Water-removing (杀青), also known as Green pot (绿锅), is the process of removing moisture and preliminary shaping. When the pot reaches 80-100°C, add about 100 grams of spread leaves and fry them by hand. It always start with grasping and shaking. After losing a certain amount of water from the tea leaves, people should gradually switch to pressing, shaking, and throwing for preliminary molding. The pressure is changed from light to heavy, achieving the purpose of straightening into strips and flattening molding. When the tea leaves are parched to 70%-80%, stop frying immediately. The whole process lasts for 12–15 minutes.

==Legends==

Longjing tea was granted the status of Gong Cha, or imperial tea, in the Qing dynasty by the Kangxi Emperor. According to the legend, the Kangxi Emperor's grandson, the Qianlong Emperor, visited West Lake during one of his famous holidays.
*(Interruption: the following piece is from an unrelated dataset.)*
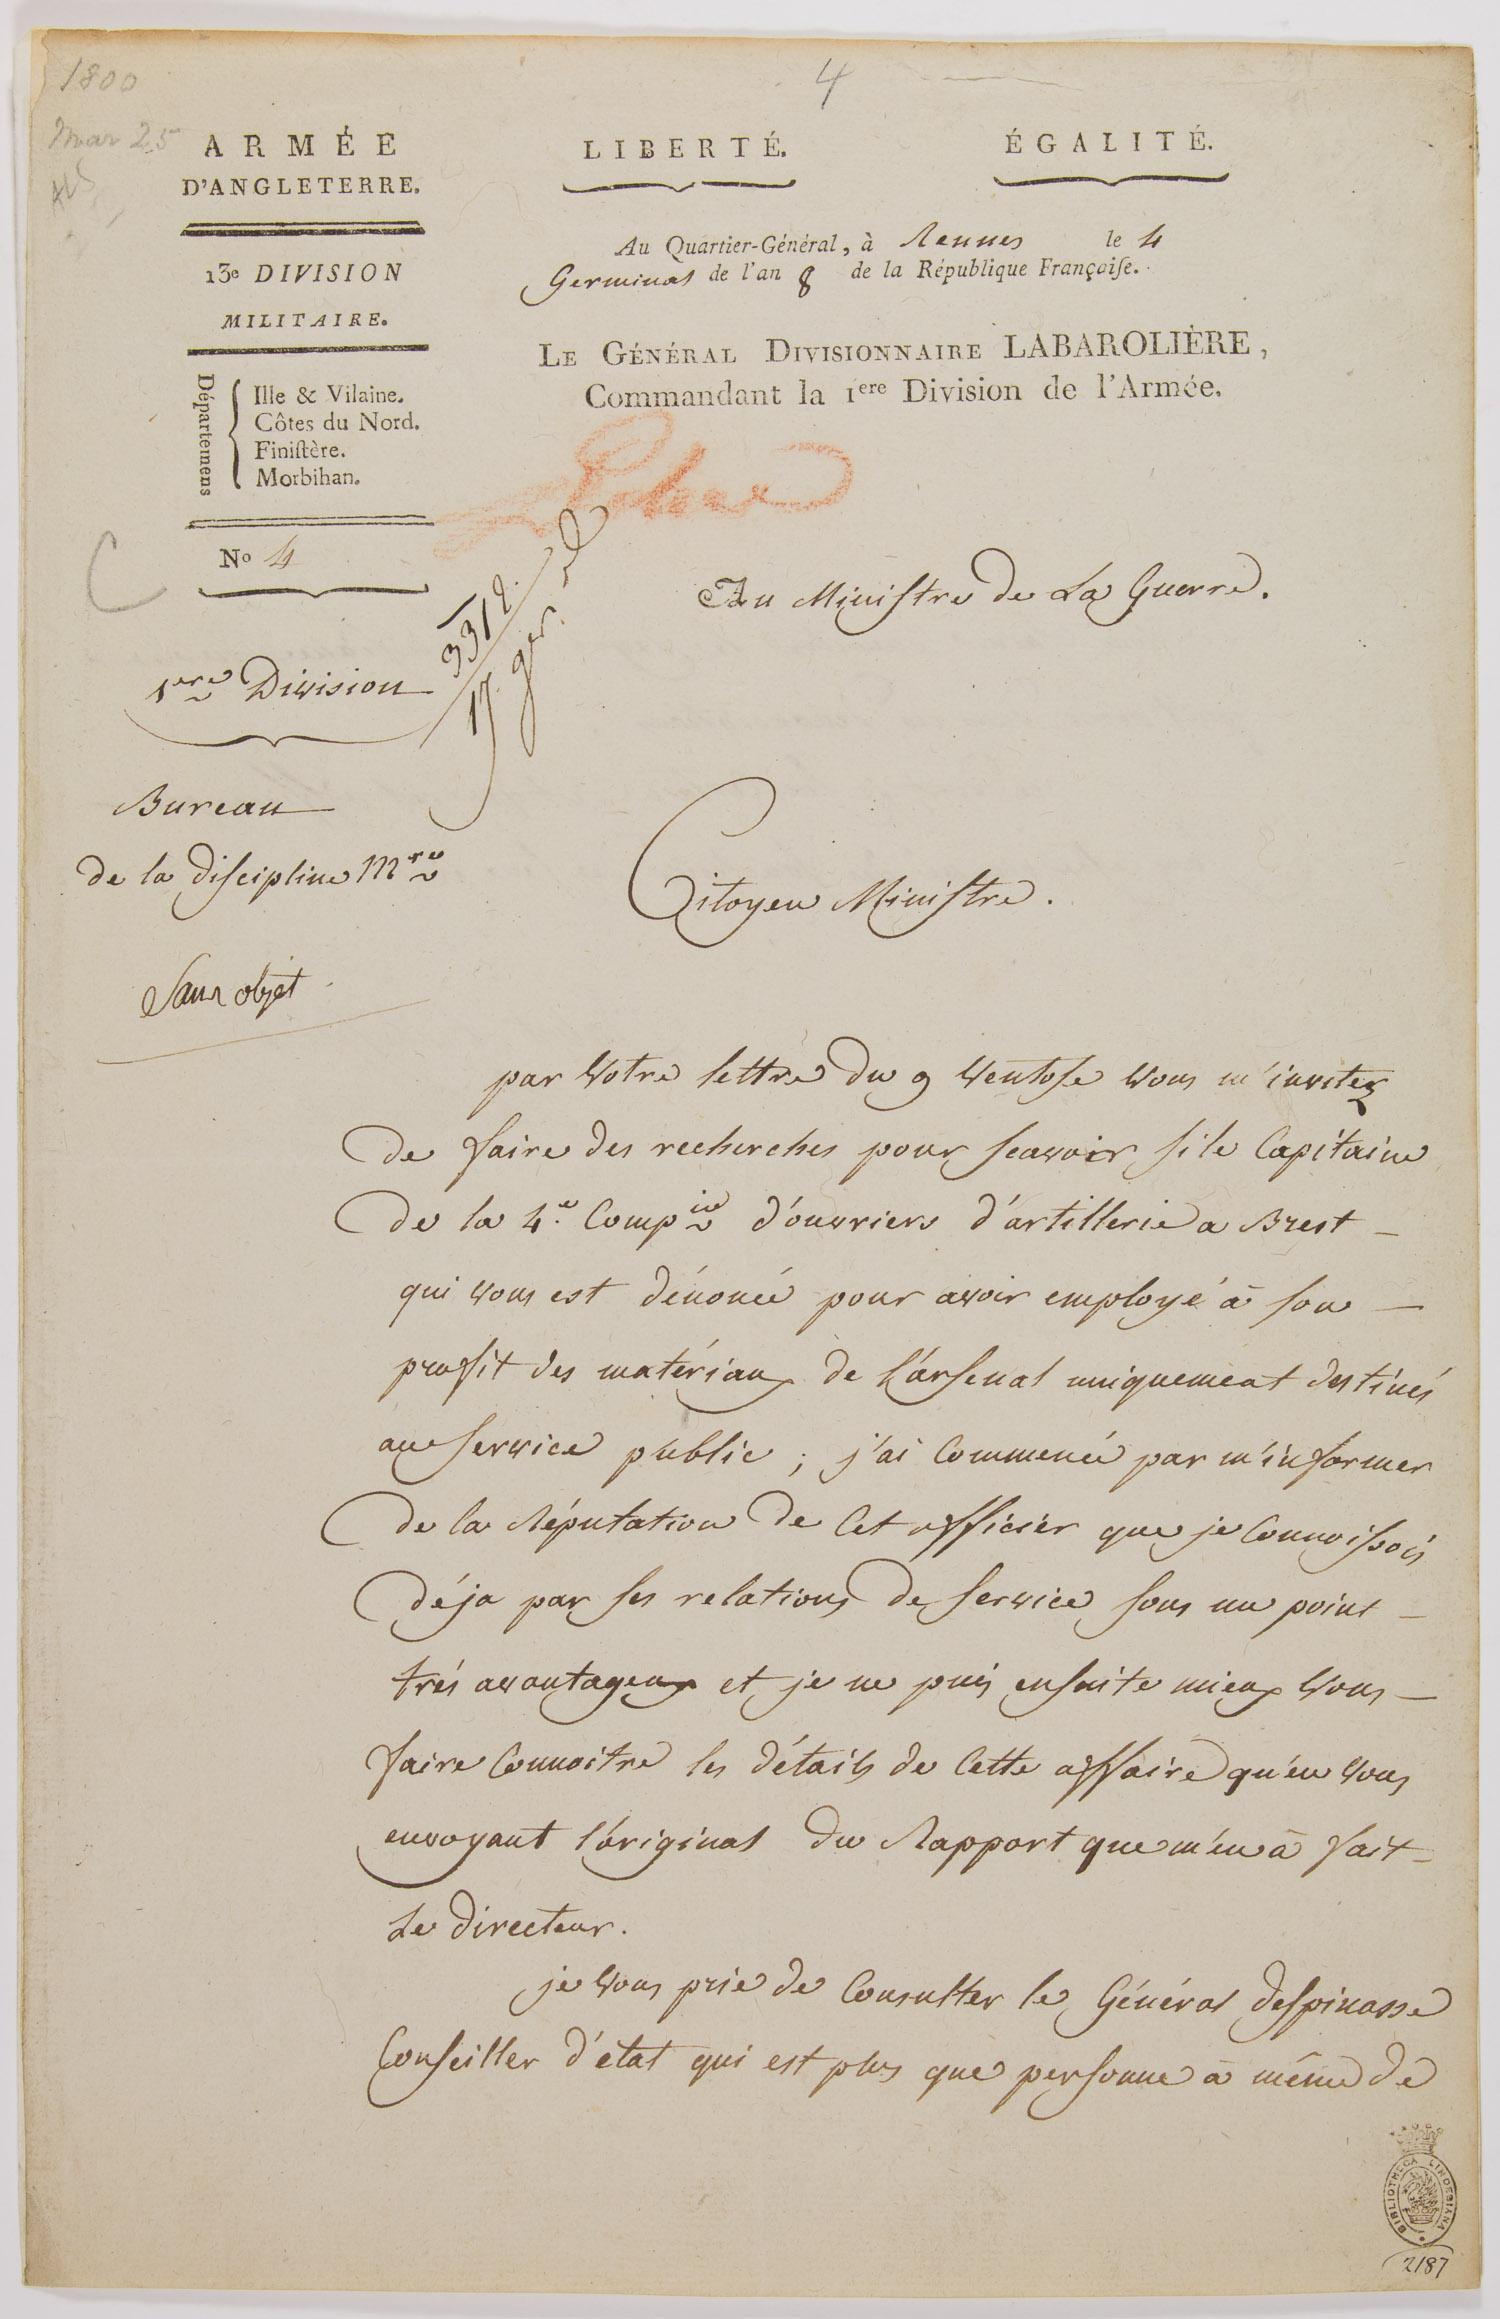 (NAPOLEONIC WARS) JACQUES MARGUERITE PILOTTE DE LA BAROLLIERE

He went to the Hu Gong Temple under the Lion Peak Mountain (Shi Feng Shan) and was presented with a cup of Longjing tea in front of the Hu Gong Temple were 18 tea bushes. Impressed by the quality of the tea, he conferred special imperial status on these 18 tea bushes. The trees are still living, and the tea they produce is auctioned annually for a higher price per gram than gold. There is another legend connecting the Qianlong Emperor to Longjing tea. It is said that while visiting the temple, he was watching the ladies picking the tea. He was so enamored with their movements that he decided to try it himself. While picking tea, he received a message that his mother, Empress Dowager Chongqing, was ill and wished his immediate return to Beijing. He shoved the leaves he had picked into his sleeve and immediately left for Beijing. Upon his return, he immediately visited his mother. She noticed the scent of leaves on his sleeves, and he immediately had it brewed for her. It is said that the shape of Longjing Tea was designed to mimic the flattened leaves the emperor brewed for his mother.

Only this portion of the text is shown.